The bar plot displays the condition frequency counts stacked by country, now with unknown included. For clarity’s sake, again China is excluded from this plot to allow for clearer representation of the other impacted countries. The bar plot indicates most countries with reported cases of the virus actually have some number of cases in an unknown condition. The plot shows Japan with an unknown count over 200 cases. The plot also shows several other east Asian countries in near proximity to China having higher count of cases with unknown conditions. By adding the unknown condition, this plot more accurately portrays the volume of reported virus cases around the world.

# Remove China as before
cnr_wo_china <- cnr_raw_long %>% filter(country != "China") %>% arrange(desc(cases))

cnr_wo_china$country <- as.character(cnr_wo_china$country)
#Then turn it back into a factor with the levels in the correct order
cnr_wo_china$country <- factor(cnr_wo_china$country, levels=unique(cnr_wo_china$country))

p2 <- ggplot(data=cnr_wo_china, aes(x=country, y=Frequency, fill=Condition)) +
      geom_bar(stat="identity") +
      theme(legend.position="bottom")
p2 + theme(axis.text.x = element_text(angle = 45, hjust = 1)) +
      labs(subtitle="Country Vs Condition Frequency excluding China", 
       y="Condition Frequency", 
       x="Country", 
       title="Bar Plot") + coord_flip()

In contrast to the box plot presented without the unknown cases, the boxplot with the condition unknown included indicates the volume of unknown cases outpaces the other four conditions. With the box plot displaying the frequency counts by condition regardless of country, the plot makes clear that the unknown cases, which are not included in the provided data, make up the bulk of cases in countries. In an effort to focus attention on the boxes of the box plot, the lower and upper whiskers are computed and from those calculations the y limits of the Cartesian coordinates are scaled to more clearly display the boxes and the mean values represented as diamonds. Again, China was excluded from this plot as to be an extreme outlier to the data.

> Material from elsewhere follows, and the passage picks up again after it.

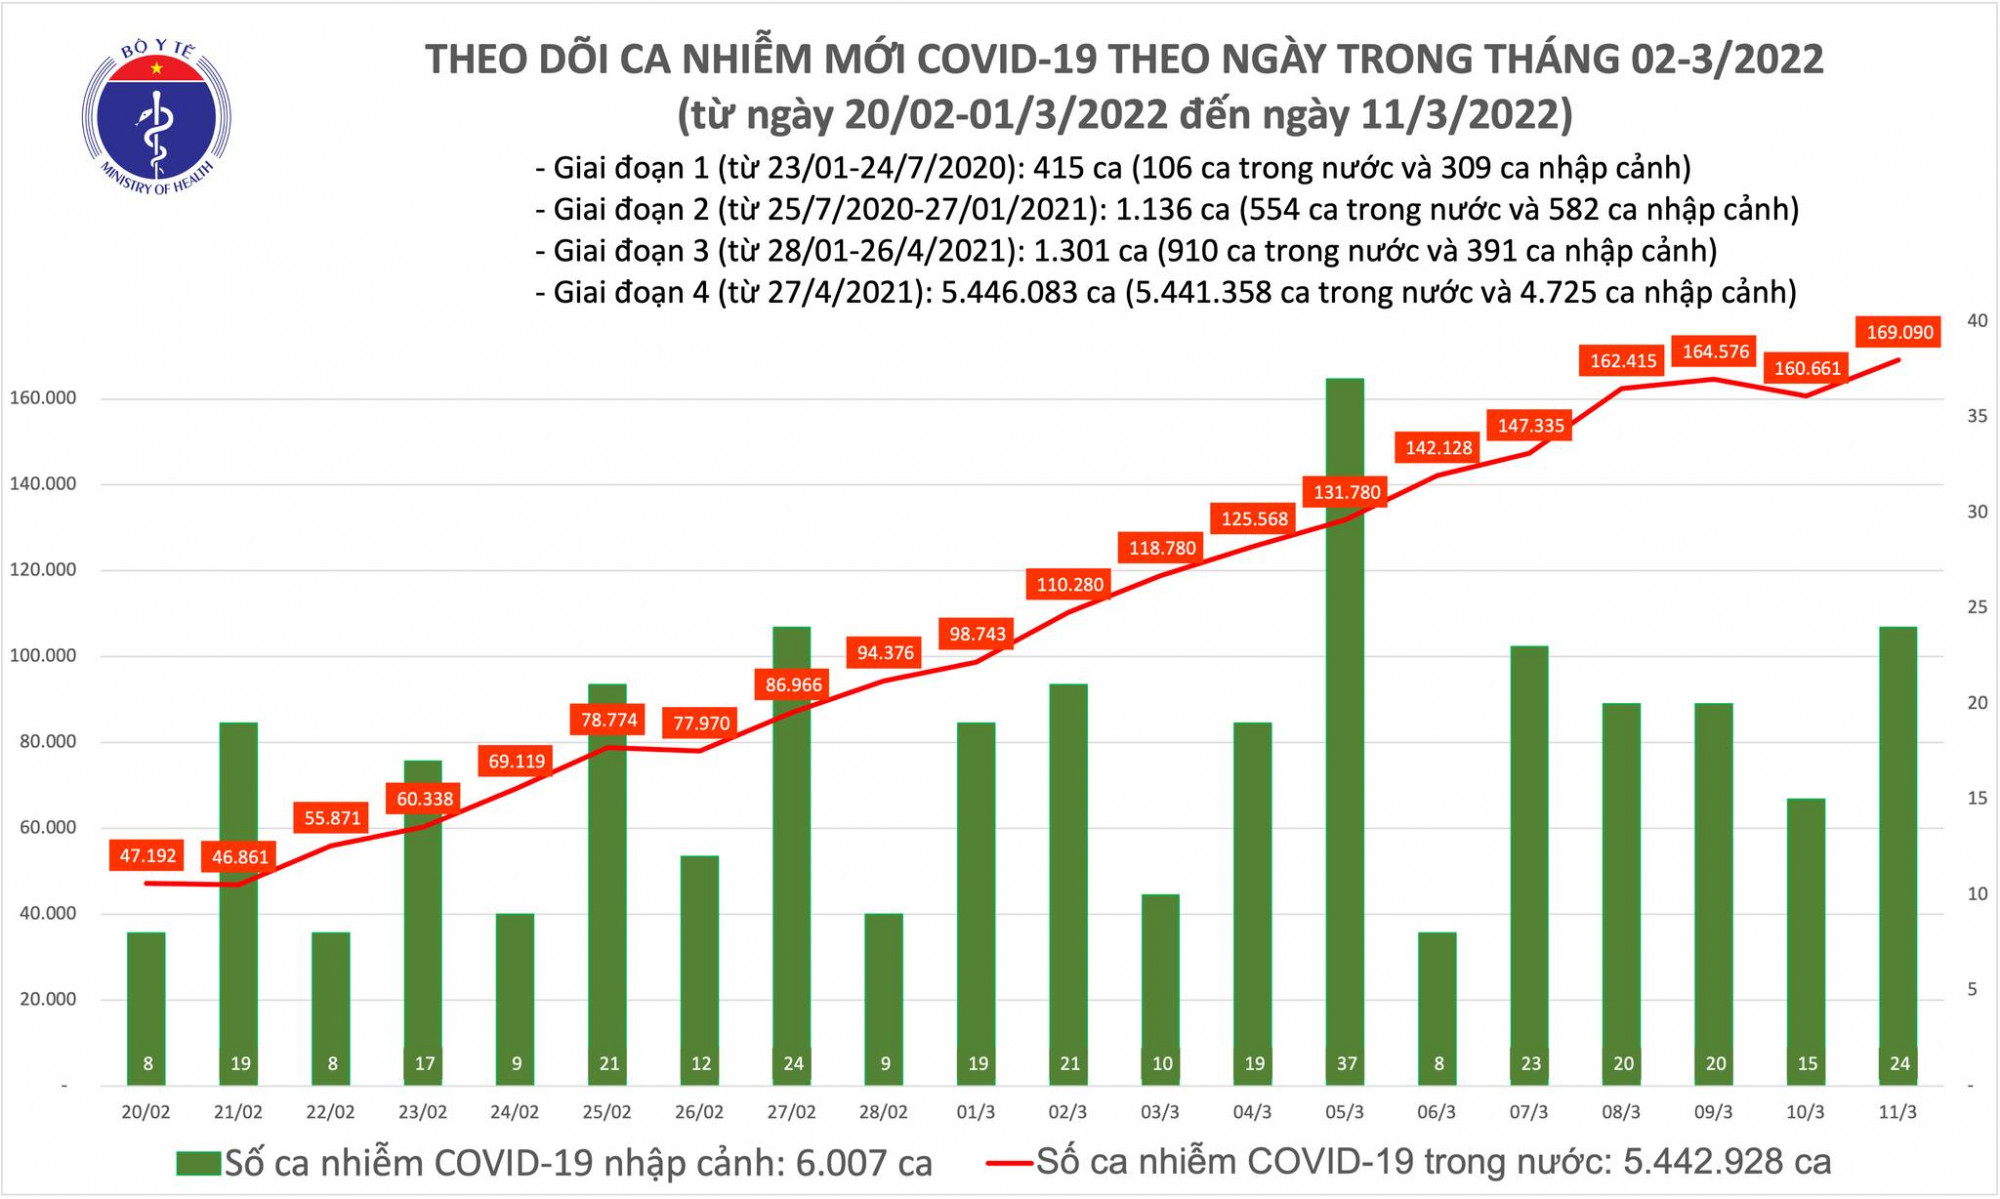 Số ca COVID-19 ngày 11/3 tăng sau khi giảm vào ngày trước đó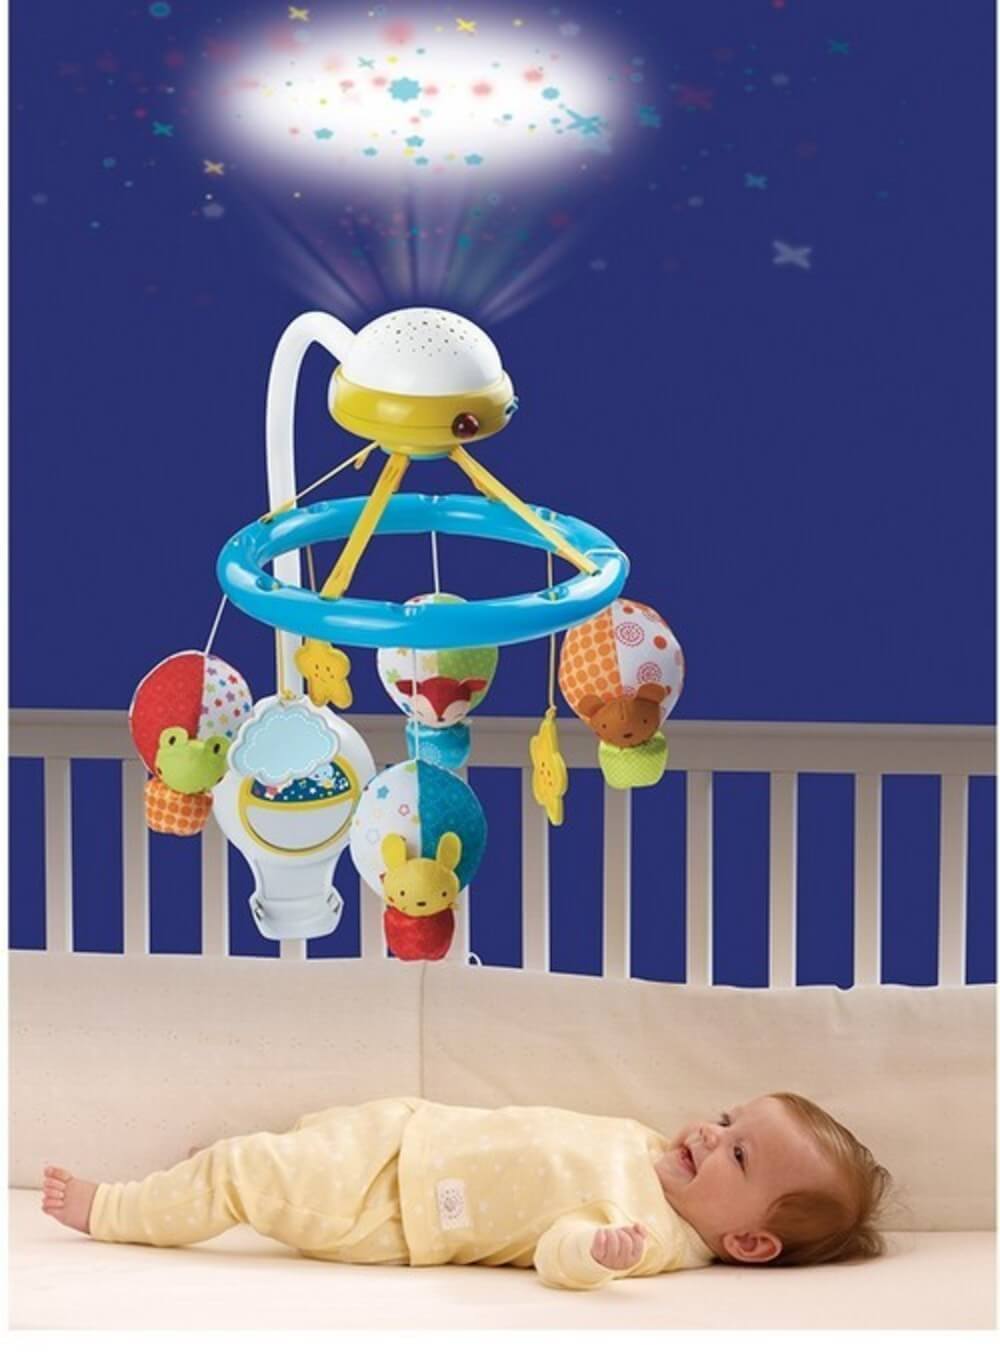 Diversión y descanso para tu bebé con los proyectores y móviles de cuna -  Mega Baby

# compute lower and upper whiskers
ylim1 = boxplot.stats(cnr_wo_china$Frequency)$stats[c(1, 5)]

# Basic box plot
p3 <- ggplot(cnr_wo_china, aes(x=Condition, y=Frequency)) + 
  geom_boxplot() +
  stat_summary(fun.y=mean, geom="point", shape=23, size=4) +
  labs(subtitle="Condition Vs Frequency Count excluding China", 
       y="Frequency Count", 
       x="Condition", 
       title="Box Plot")
p4 = p3 + coord_cartesian(ylim = ylim1*7)

# Display plot
p4

Conclusion

In conclusion, the provided data (even though outdated) did not accurately represent the condition of all the cases of the reported coronavirus. Upon initial inspection, the percentages and counts of recovered cases present visualizations that indicate promising containment of the virus. In conjunction, the initial depiction of death counts made the outbreak appear focuses to just a few countries. Realizing the provided data gave the overall counts without the complete breakdown of conditions, the introduction of the unknown condition was required to given a more accurate portrayal of the reported virus cases. With the unknown condition in consideration, the plots portrayed an understanding of the spread of the virus in which most instances the condition of the case is unknown.